Brand new traffic cameras in Croydon have still not been switched on, meaning the council is missing out on making money from fines.

But the authority will not reveal just how much it has lost blaming ‘commercial sensistivity’.

The South London council uses number of ANPR cameras to try and prevent rat running in parts of the borough, it calls these schemes Croydon Healthy Neighbourhoods.

However, the council is in a battle with the contractor in charge of installing these cameras meaning some are still not working more than three months after they were supposed to be turned on.

The latest figures from Croydon Council shows the council was forecasting a £15million overspend in the department at month 11 of the previous financial year (February-March 2022).

As well as not bringing in traffic fines, the council has blamed this on parking levels not returning to the level they were before Covid.

A council report said: “Parking Services continue to have delays in connection with the roll out of new ANPR cameras which affect the income levels within the service.

"A new ANPR camera contract was procured in 2021 however the council has faced significant problems with functionality and are urgently seeking firm assurance from the new contractor that they remain in a position to fulfil their contractual obligations.”

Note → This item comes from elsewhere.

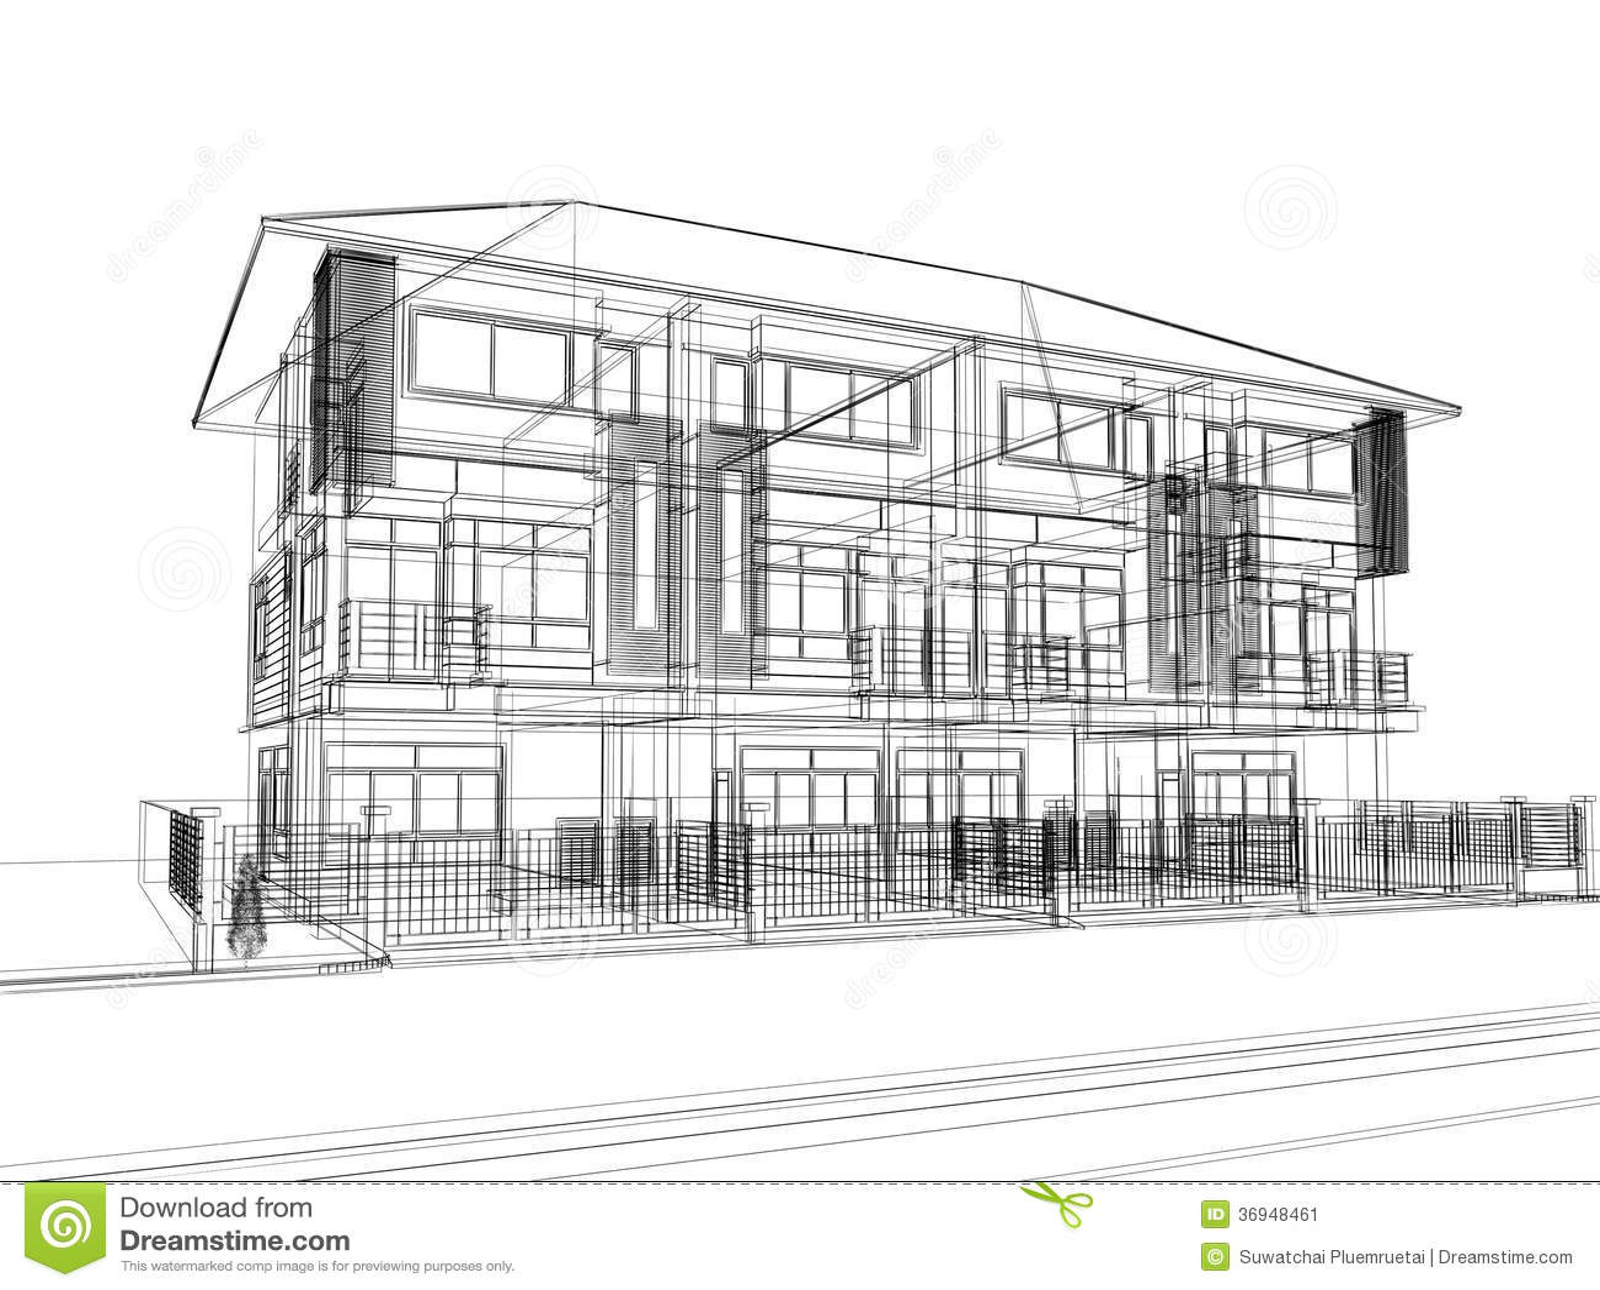 3D Sketch Of Home Design Stock Illustration - Image: 57372414

At a meeting of the scrutiny and overview committee on Monday night (May 22) cabinet member for finance, Jason Cummings, said this delay will affect the council’s budget this financial year.

Nick Hibberd, director of sustainable communities, regeneration and economic recovery, added: “There have been delays with both the roll out and the connection and the functionality of the new cameras.

"We are in the middle of negotiations with the contractor with a view to sorting that so until that is completed we don’t have a timeline at this point.”

He said the council would be trying to “recover the losses” from the compamy itself but would not reveal exactly how much money the council has lost, claiming it was commercially sensitive information.